Toppin traveled far in the spring after declaring for the NBA draft. He did not hire an agent but worked out for five NBA teams before announcing May 28 he would return to UD for his redshirt sophomore season. He was invited to the NBA G League Elite Camp, where he would have had a chance to compete for a spot at the NBA Draft Combine, but turned down the invitation because he and his advisers thought the team workouts would be enough.

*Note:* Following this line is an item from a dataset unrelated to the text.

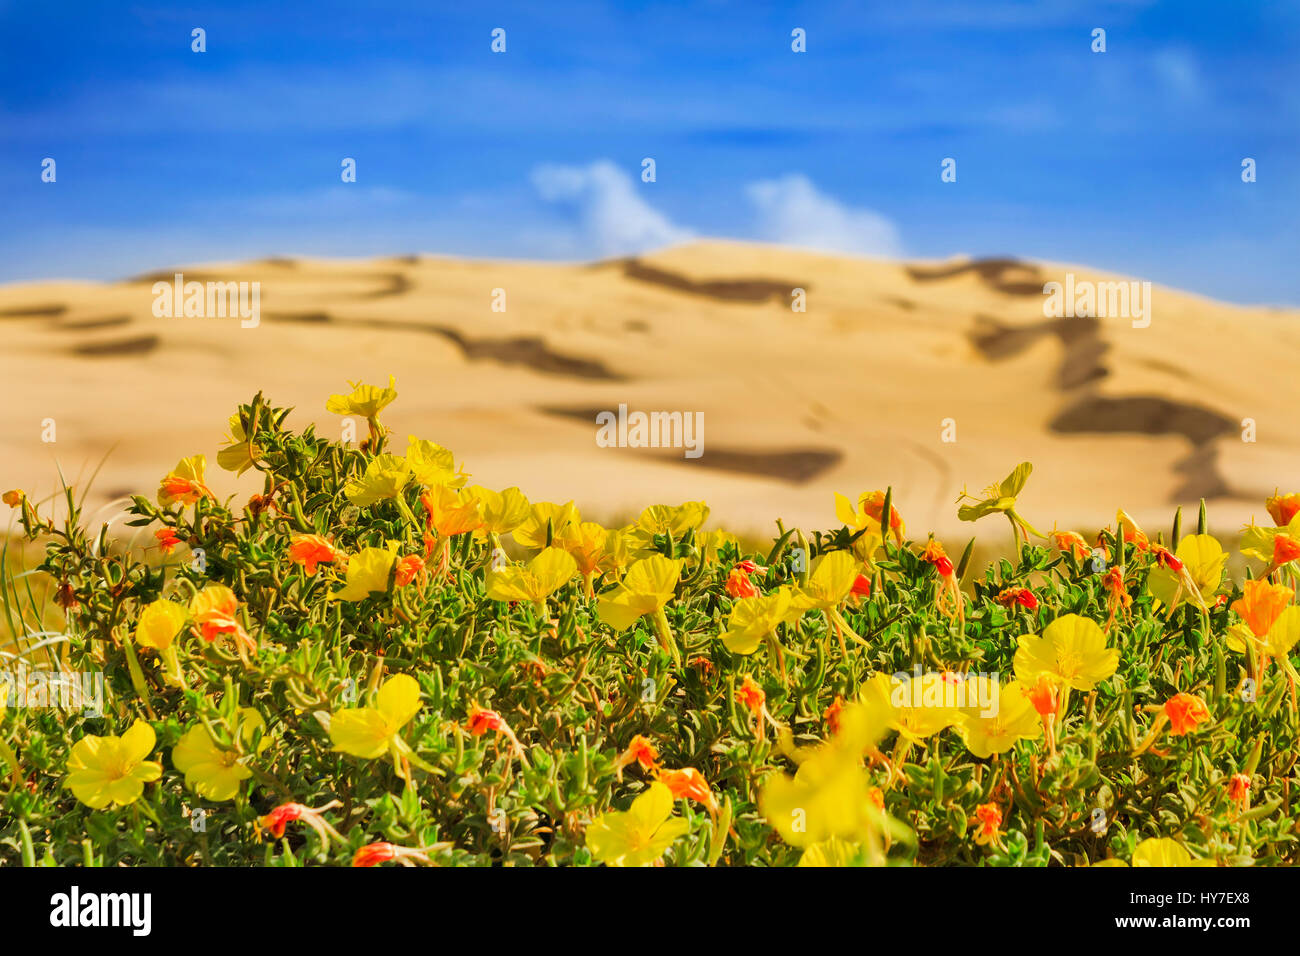 Fiore rosso giallo fiori nella parte anteriore delle zone aride dune di sabbia di Stockton Beach, NSW Pacific Coast, Australia. Foto Stock

Toppin said he wouldn’t have stayed in the draft unless he had a written guarantee from a team that he would be drafted. The teams he visited gave him feedback on his game but never told him whether or not he would get drafted.

In the end, Toppin returned to school in part because of how good Dayton could be next season and how improved he could be. The draft process should make him a better player.

“I feel everyone that goes through the process gets a feel for the next level: the intensity they work at, the amount of focus they give and you need to have,” Toppin said. “Going through it the feedback I got will definitely help me. I know what I have to work on and what I have to do to help my team win.”

» RYAN MIKESELL: Soaking in final yearPhotos

Toppin, the A-10 Rookie of the Year and the first A-10 rookie first team member in 20 years, led the Flyers with 14.4 points per game last season and averaged 5.6 rebounds as a redshirt freshman. He shot 66.6 percent from the field, ranking fourth in the country. He also showed an outside shooting touch, making 11 of 21 3-pointers (52.4 percent).

Toppin has continued to work on his 3-point shot and plans to show more of what he can do behind the arc. He’s also working on improving his rebounds, his shot blocking and his defense in general.

None of that should take away from his dunking. He rates himself the team’s best dunker, Florida transfer Chase Johnson the second best with senior Trey Landers third and Michigan transfer Ibi Watson behind Landers.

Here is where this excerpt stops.